▼

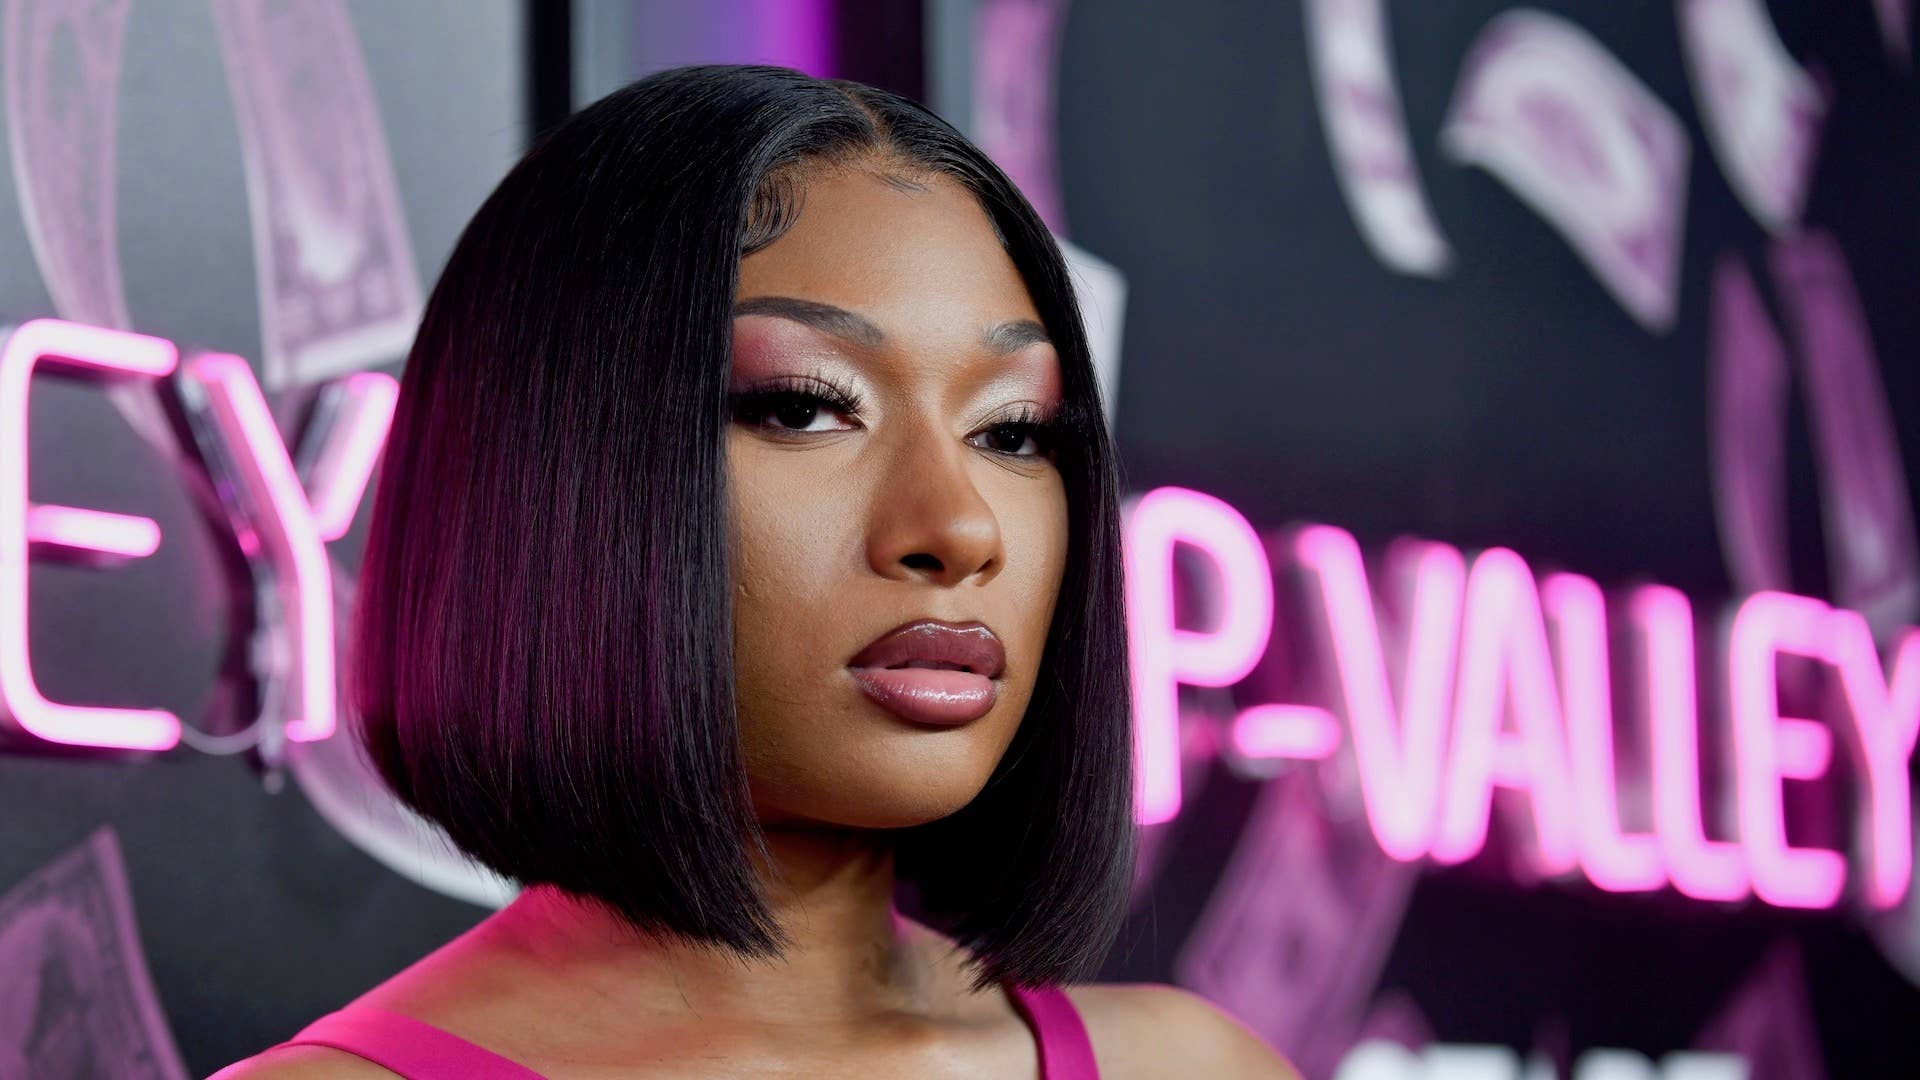 Megan Thee Stallion attends the premiere of STARZ season 2 of "P Valley"
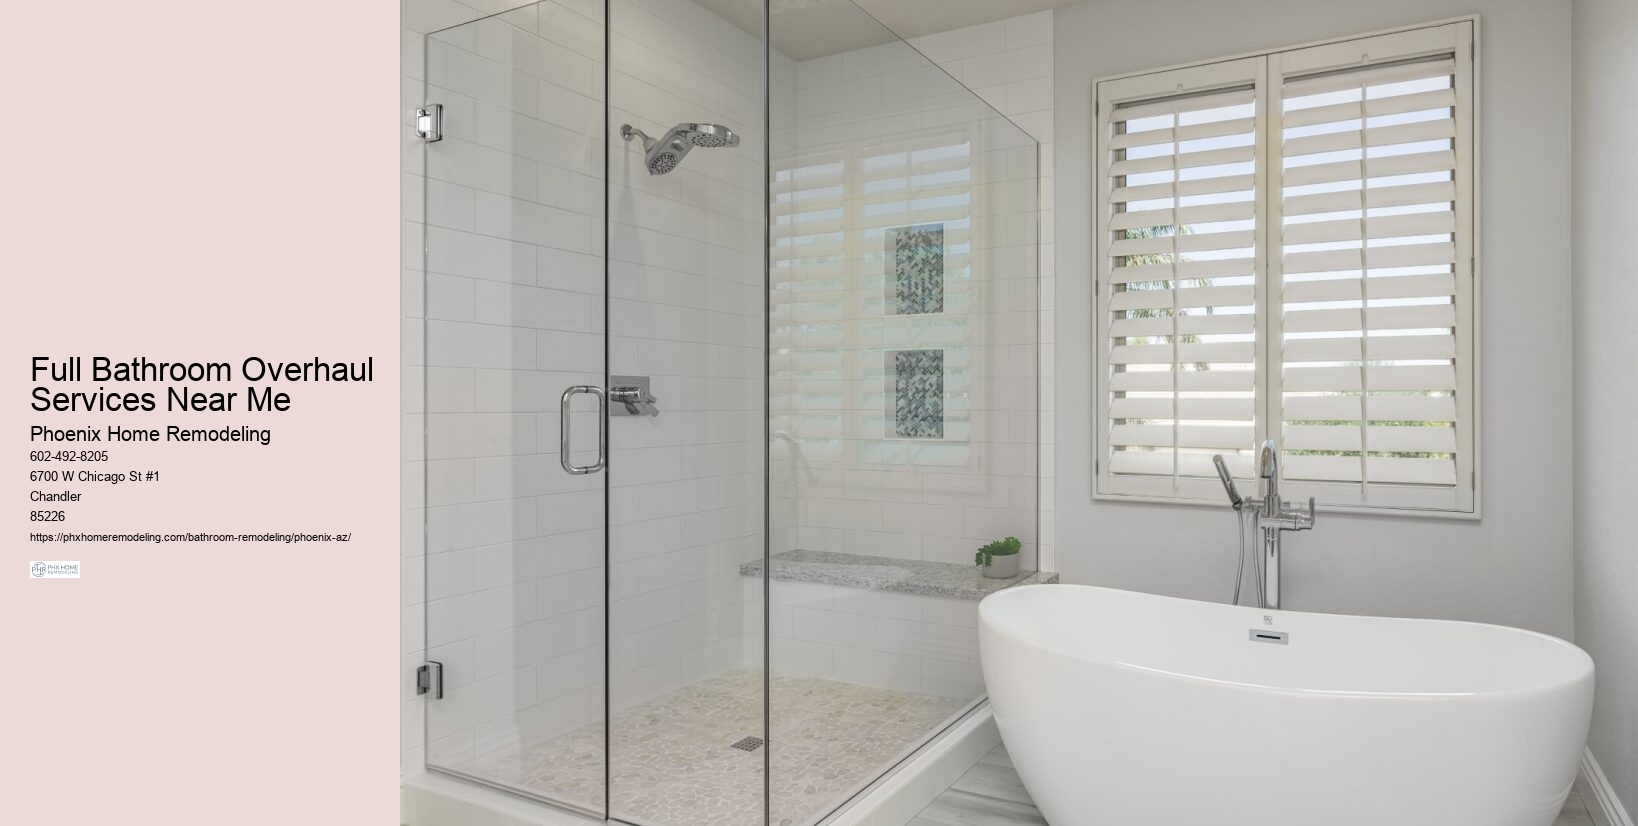 What questions should I ask for a bathroom remodel
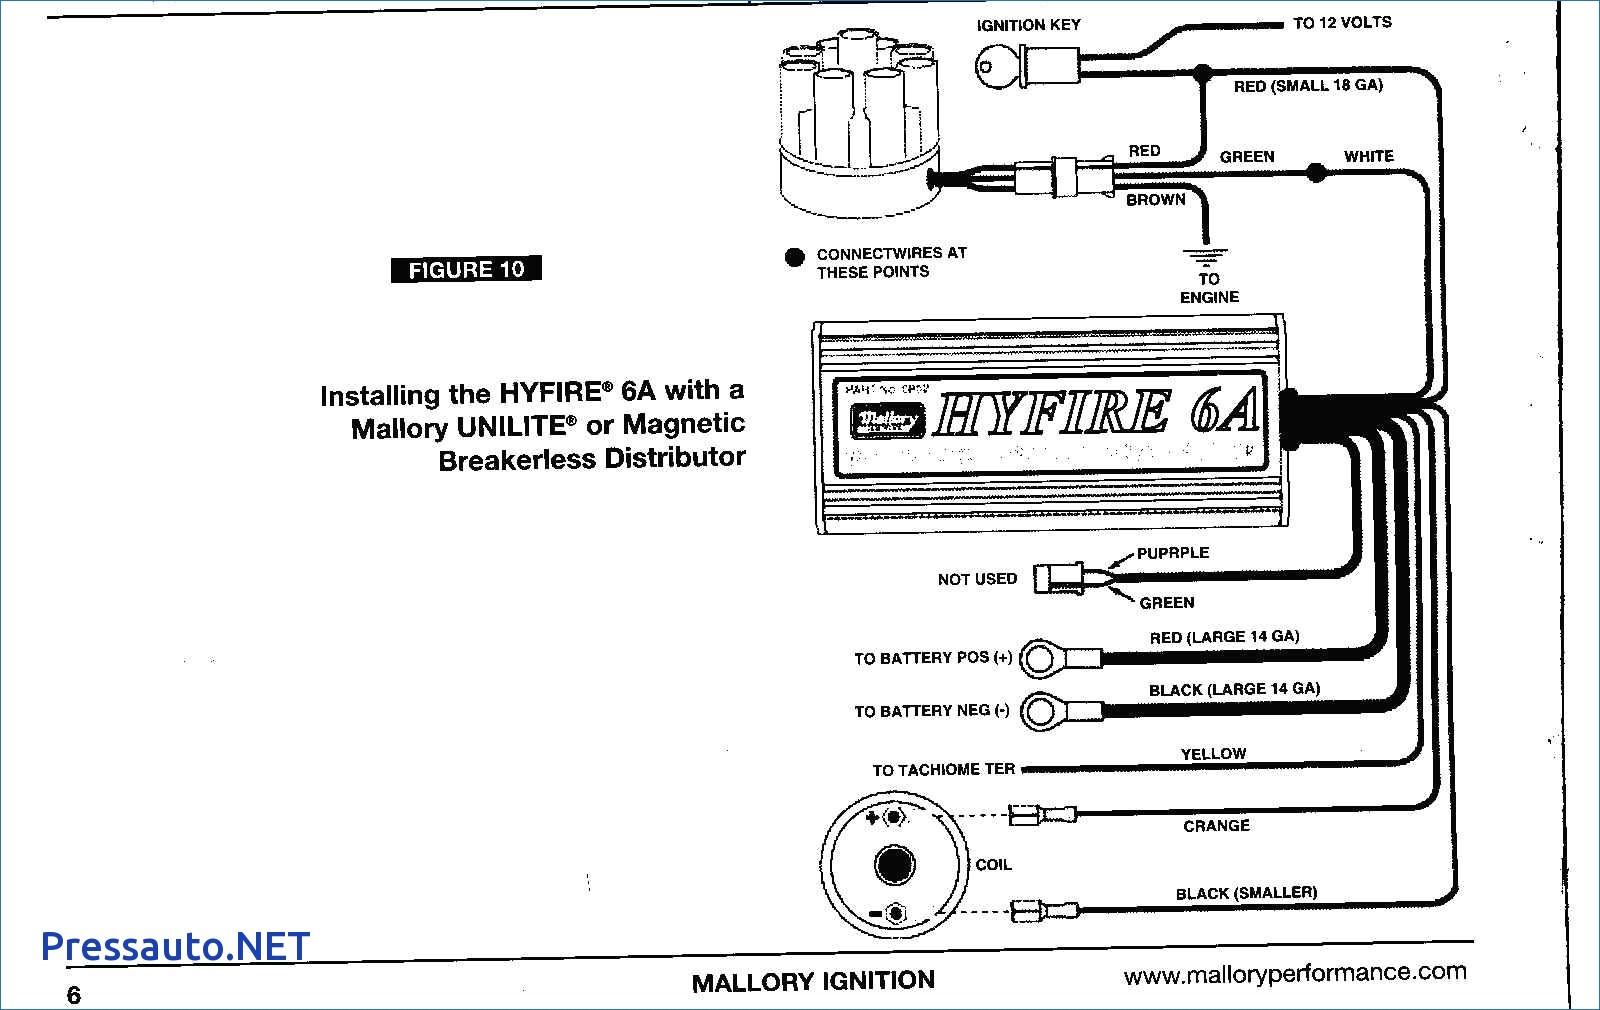 Mallory Ignition Wiring Diagram Harley Life Style By Modernstork Inside

▲

Only the text of the listing above is wanted, transcribed exactly, without its images.

 Megan Thee Stallion attends the premiere of STARZ season 2 of "P Valley"
 What questions should I ask for a bathroom remodel
 Mallory Ignition Wiring Diagram Harley Life Style By Modernstork Inside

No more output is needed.